Last night my mum phoned to say that Traffic Cops was from Cardiff. Creepers break into houses and steal the keys of cars before stealing the cars. A car was found having rolled over on a road near where I used to work. The driver died. He couldn't be identified as his facial injuries were so severe, and a passenger abandined the car. A liaison office was called to break the news of the drivers death to the family. He called at the house of the owner of the car, to find that the house had been burgled and that the owner was alive and well.
I thought how awful it must be to find out that someone has died in your car, even if it not in any way your fault.
Next we were shown the owner of the car at the police station where he had gone with his father in the middle of the night to make a statement. He said that when he first heard that his car had been stolen and the driver had died in an accident he felt no sympathy. He thought to himself that it was what he deserved, after all he could have came up the stairs and clubbed him to death as these things happen.
I said out loud to my brother who was visiting that his response seemed to be the opposite of mine. My brother said 'maybe you empathise too much'.

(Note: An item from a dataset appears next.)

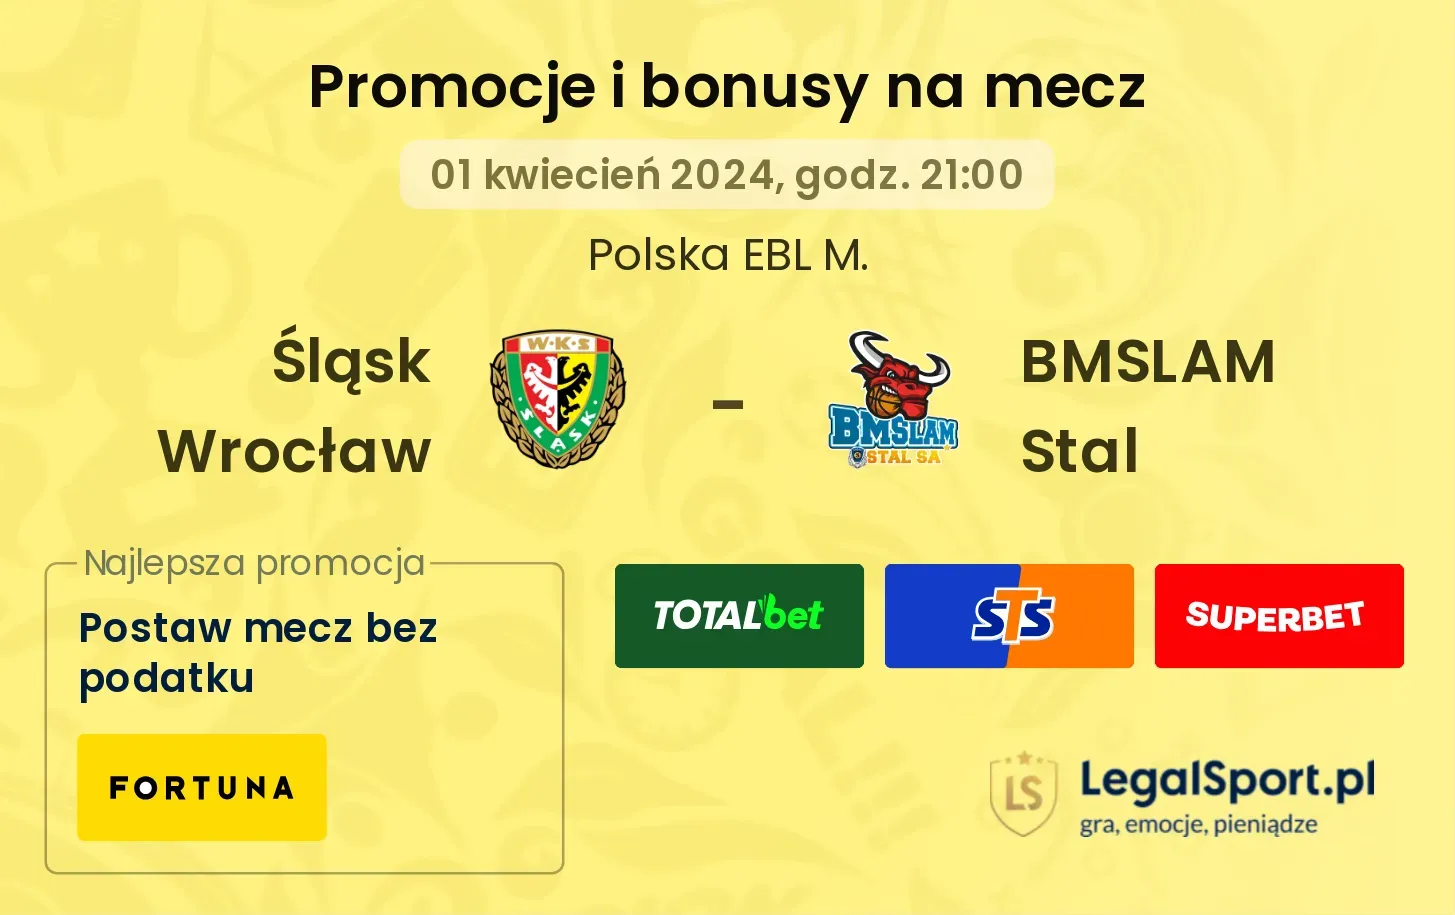 Śląsk Wrocław - BMSLAM Stal promocje bonusy na mecz

So can we empathise too much? What does this mean? And in this case why were my feelings so different to the person who the event had actually happened to?

To read: Empathy Gaps in Emotional Perspective Taking

Tuesday, 7 April 2009

Empathy, caring, emotion, communication and learning

Oh, a long time since my last post again. Yet, again I have many things going round in my head and holding my attention for variable lengths of time. It is a chaotic narrative an one which may disturb you if I share it in its entirety:) So instead I will mention some parts.

Today, I got news that a colleague and myself have won an ASME small grant to explore how students might learn from the patient's online voice. We're starting with students- what do they think they learn from reading patient narratives in forums and blogs and what do they think of this process. I wonder if reading the way that people talk to each other about health and illness online will help students develop empathy for patients.

There are a lot of questions around empathy that I would like to be able to answer:
  • What is empathy?
  • How is empathy different to sympathy?
  • How do we feel what another is experiencing?
  • Is empathy necessary to be a good doctor?
  • Is too much empathy bad?
  • Can we help students develop empathy? And should we?
  • How do others know we feel empathy with them?
  • Can we fool others into thinking that we feel empathy for them when we don't?
  • Can we understand an experience we have not been through?
I used to think I knew the answer to many of these questions but as is the nature of these things when you start reading and thinking more you start having more questions, and you realise that the questions you thought you had answered have not really been dealt with.

So in my next few blog posts I will endeavour to discuss some interesting papers that I have come across in the last few months and I hope that we can discuss them together.